Don’t put them out of their misery

Dont+put+them+out+of+their+misery

Andrea Vidaurre, Reporter

In the summer of 2012, a man shot his wife then attempted to kill himself. During the summer of 2015, after an armed robbery at the Walmart on Emerson Avenue, the robber ran into a Vietnamese restaurant and shot himself in the head. After killing his niece and great nephew in Zionsville in February 2016, a man hid away in a hotel room downtown and killed himself. These are all crimes that ended in suicide, which is what the criminals quite possibly preferred. They would rather be dead and not have to face punishment than live with what they did.

I bring these crimes and suicides up because I’ve recently decided that I strongly disagree with capital punishment (execution). You may be wondering why I would want such awful people to still be able to live and get the chance to see the light of day again. The reason is because, as shown in the cases mentioned earlier, the criminals wanted to die. They chose to kill themselves because they knew life after they were caught wouldn’t be bright. If we punish them by killing them, we are just giving them what they want which is not much of a punishment at all.

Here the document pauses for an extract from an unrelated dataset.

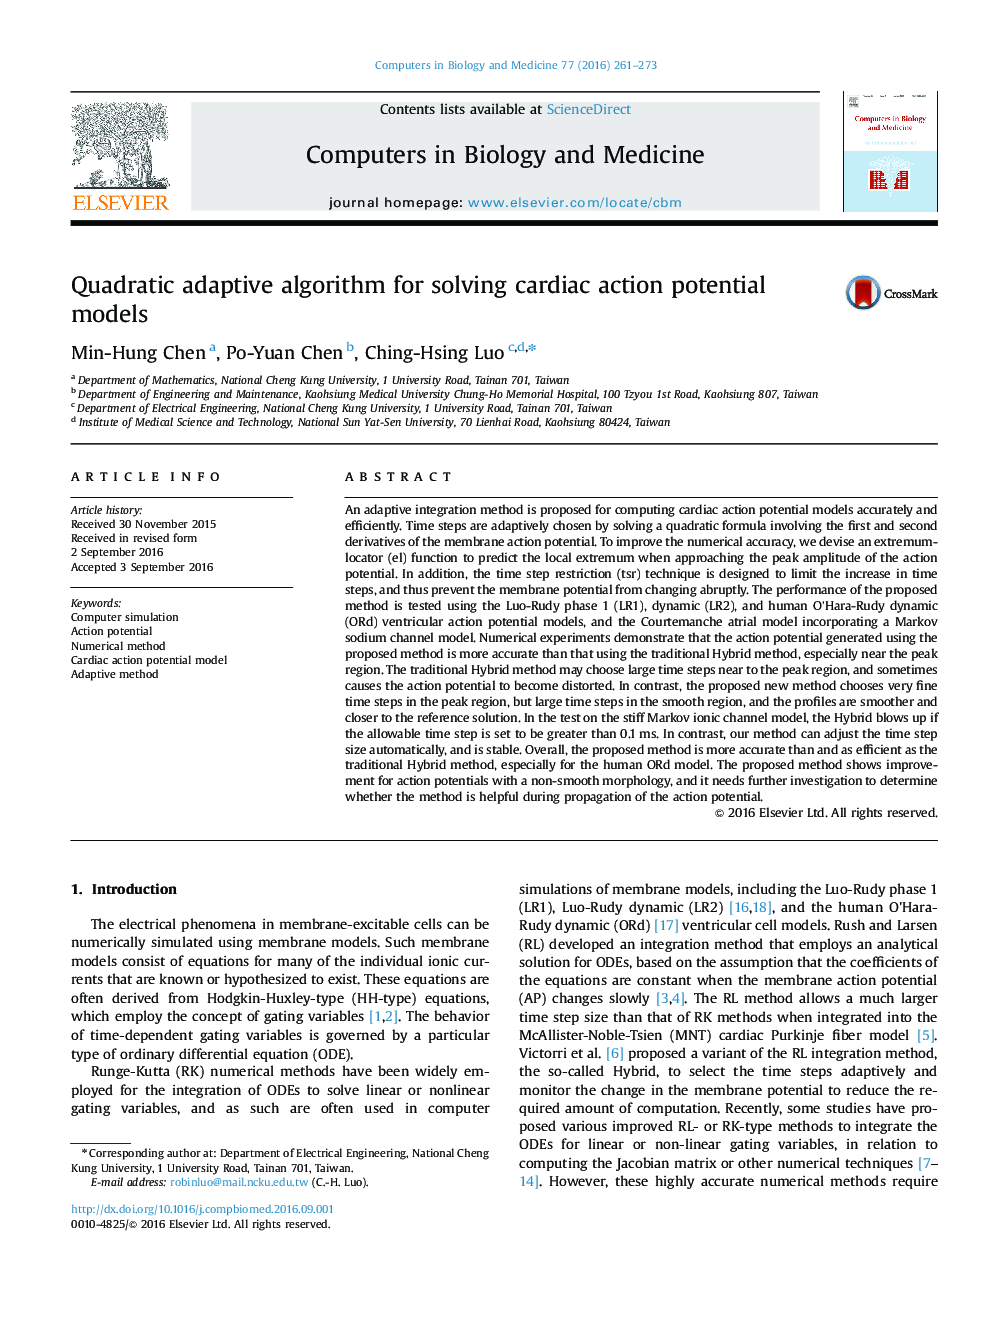 Quadratic adaptive algorithm for solving cardiac action potential models

I believe that those who have committed such horrid crimes should have to live with what they did and be miserable in prison with no chance of parole. I think that this is harsher than death, to be quite honest. Although most people probably don’t like to have their death planned out, those that are cowards would most likely prefer to have their life be put to an end than have to pay the price for the grief they caused others and for what they did.

Not to mention, capital punishment is more expensive than keeping someone alive. It costs an average of $740,000 for cases that don’t lead to death row, but about $1.26 million to execute someone. Maintaining each death row costs taxpayers about $90,000 more per year than for a prisoner in general population according to deathpenaltyinfo.org.

Another thing that makes execution the wrong choice is many of the lethal injections that states use have been pulled from the sale to prisons because they don’t want their products being involved in the execution of prisoners. Not having the proper tools for an execution can sometimes lead to a torturous death. They don’t want their products to be affiliated with execution because they find it inhumane, according to Stephanie Pappas from livescience.com. I honestly don’t blame them. As important as consequences are to criminals, how does the execution of a killer change their wrong doing? It doesn’t bring back the victim, and it probably doesn’t bring vengeance. It does nothing but make the executors just as bad as the killers. As said in the novel In Cold Blood, about one of the main characters who was being put through the capital punishment, “It doesn’t deter crime, but merely cheapens human life.”